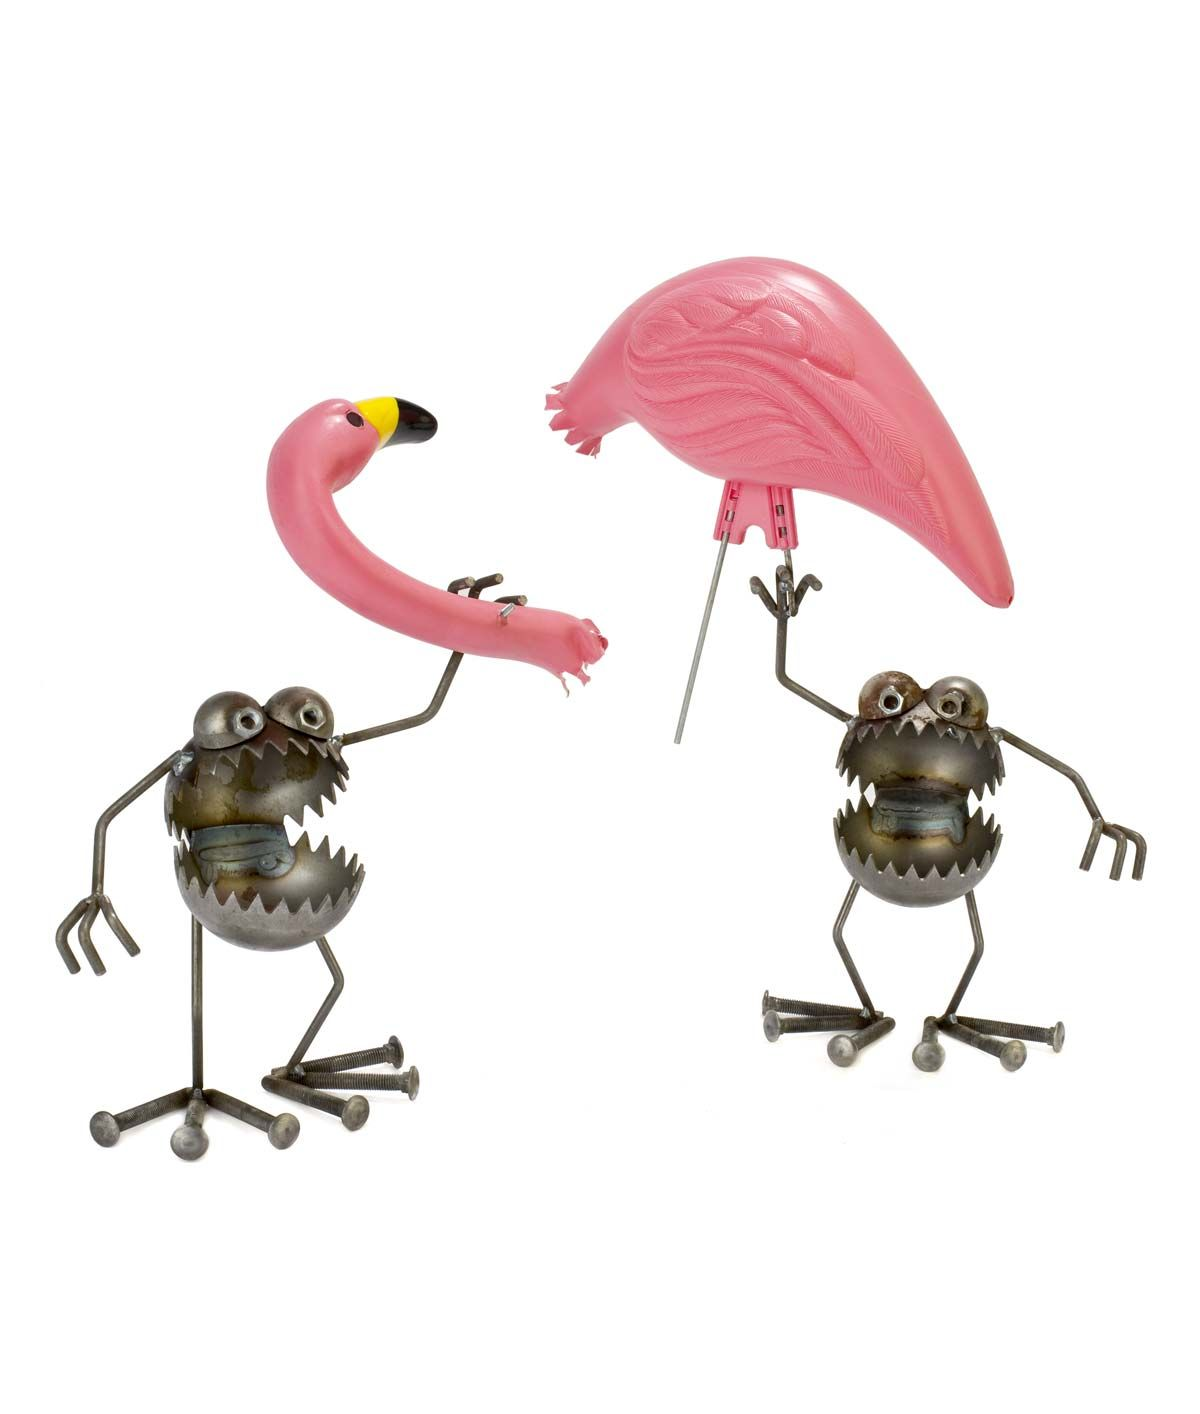 Flamingo Away Sculpture Gnome Be Gones Fred Conlon 400 x 300
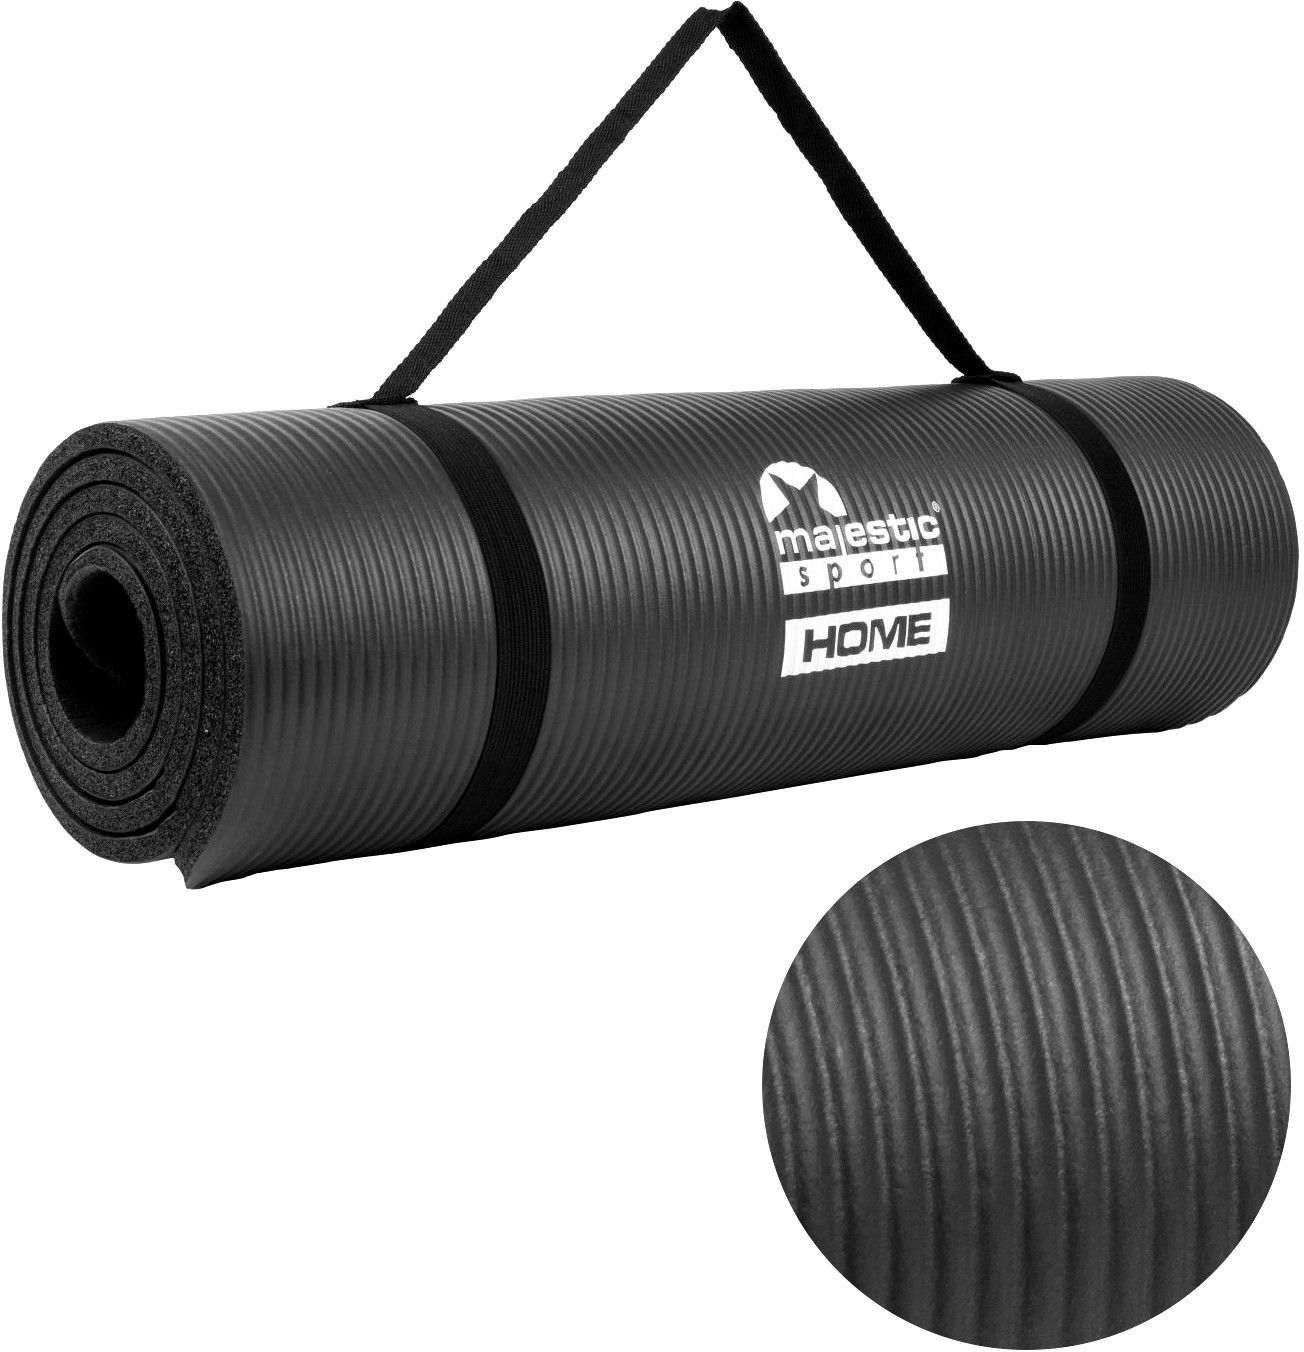 Mata do ćwiczeń NBR Majestic Sport HOME 185x60x1 cm czarna
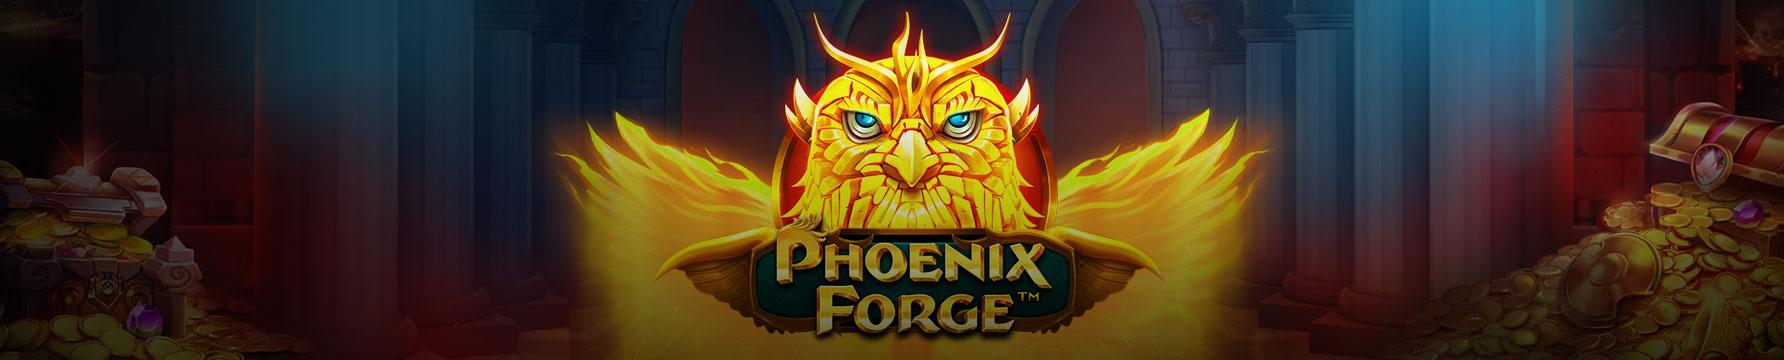 Phoenix Forge CS Pragmatic 2

_Task directions_
Pictures stay out; all other material above is restated word for word.

_Your response_
 Flamingo Away Sculpture Gnome Be Gones Fred Conlon 400 x 300
 Mata do ćwiczeń NBR Majestic Sport HOME 185x60x1 cm czarna
 Phoenix Forge CS Pragmatic 2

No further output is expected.